18. The Applicants' objection to the amended
assessments was lodged by a firm of accountants experienced in taxation matters.
On the
first days of these proceedings, the Applicants were represented by the
principal of that firm who has legal as well as accounting
qualifications.
Neither in the Applicants' notice of objections nor in the statement of facts
and contentions prepared for the hearing
in this Tribunal is any mention made of
the receipt of monies from an uncle in Lebanon.
19. Later in his
cross-examination, on being questioned by me, Mr Bey twice emphatically denied
that he had been asked the question
regarding the receipt of monies from
overseas. On this point I prefer the evidence of the two tax officers and the
notes made at
the time. I accept that the question was asked and that Mr Bey
replied "No". I further find that the reason he said no was that
in fact no
money had been received from an uncle in Lebanon or anywhere else.
20. Mr Bey
did claim that he had received money from his father in Lebanon. According to
Mr Bey, his father whilst on a visit, gave
him US$10,000 cash. This amount was
exchanged for Australian Dollars by Mr Bey making five separate trips to the
airport to use
the money exchange facilities there. He claimed he had to make
five separate trips as all the $10,000 would not fit into his pocket
and that he
could not use his local bank to exchange the money, as by the time he had
finished work the bank had closed. Why Mrs
Bey or their eldest son could not
have gone to the bank or the money exchanged when doing the normal banking for
the business was
not explained. Although Mr Bey said he deposited the amount
received into the business account, he was unable to produce bank statements
showing any deposits. Again I find I do not believe Mr Bey in this matter.

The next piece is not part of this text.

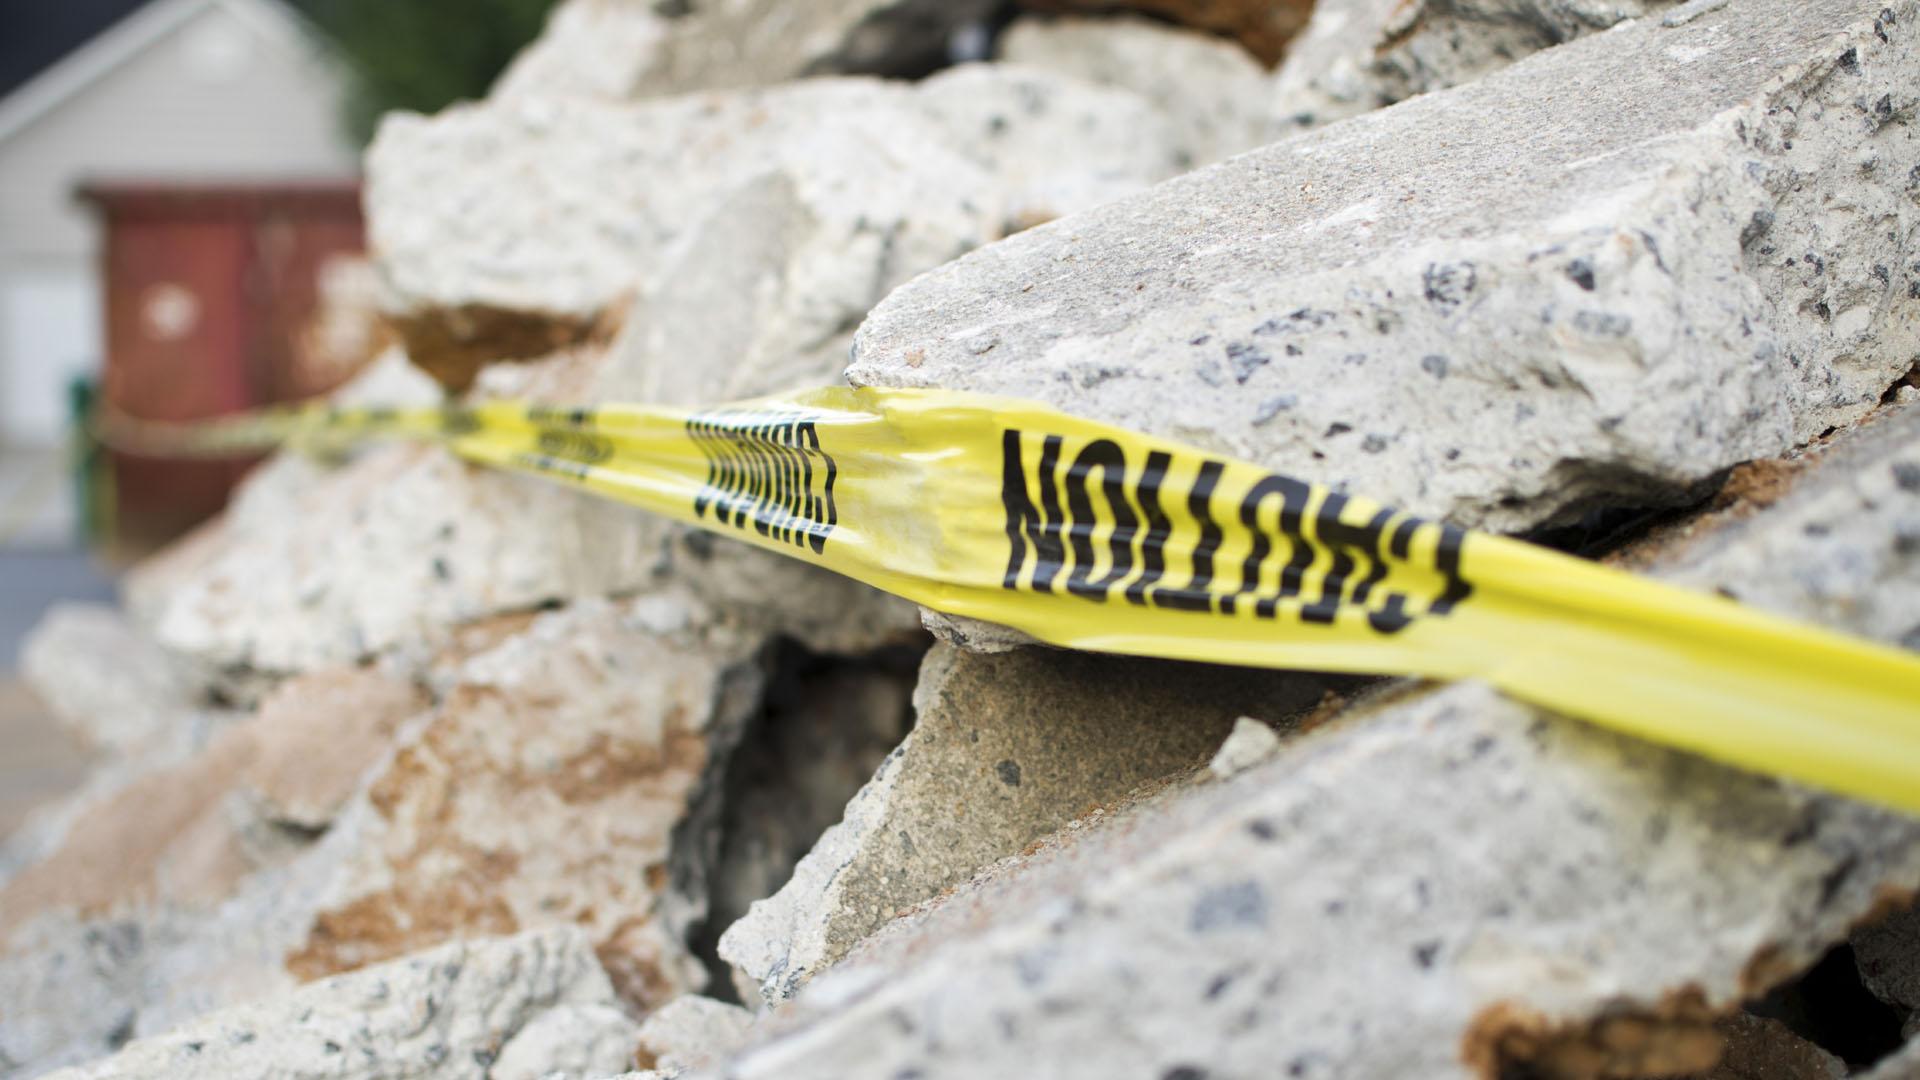 Fuentes oficiales confirmaron que el hecho no dejó fallecidos y hasta el momento no se reportan réplicas
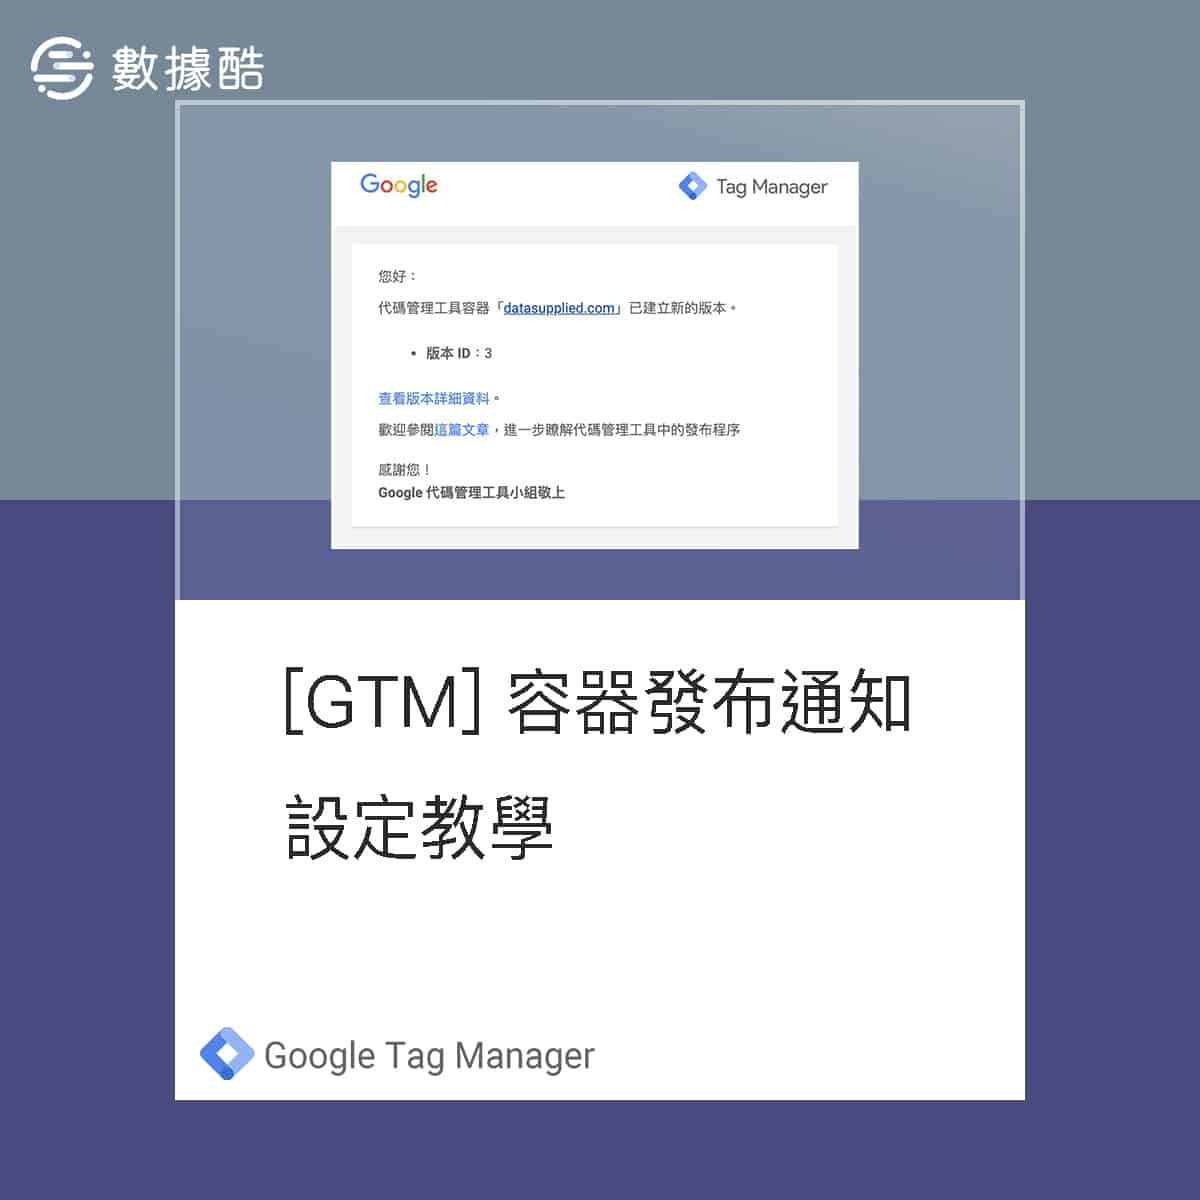 GTM 容器發布通知 設定教學

21. Early in his cross-examination, Mr Bey was asked if he would consider
selling his family home in order to repay persons from whom
he had borrowed
money so as to repay his uncle in Lebanon. He stated in effect that he was not
prepared to sell his home unless
pressed by his creditors. He also denied
considering whether to sell his shop premises (Transcript pp100-101). Later in
cross-examination
(Transcript p114) he admitted he had sold his home although he
did not know the selling price.
22. Asked what he did with the money from the
sale of his house Mr Bey stated (Transcript p122) that he had repaid his debts
to the
bank. From the evidence of Mrs Bey it would seem that the sale of the
house and shop were a "round robin" transaction whereby the
purchase price of
the properties was lent to Elvis and Ranya Bey from the proceeds of sale (see
Transcript pp310-311).
23. At transcript p128 Mr Bey stated that out of the
money paid to him by his son for the sale of his house he had paid his debts.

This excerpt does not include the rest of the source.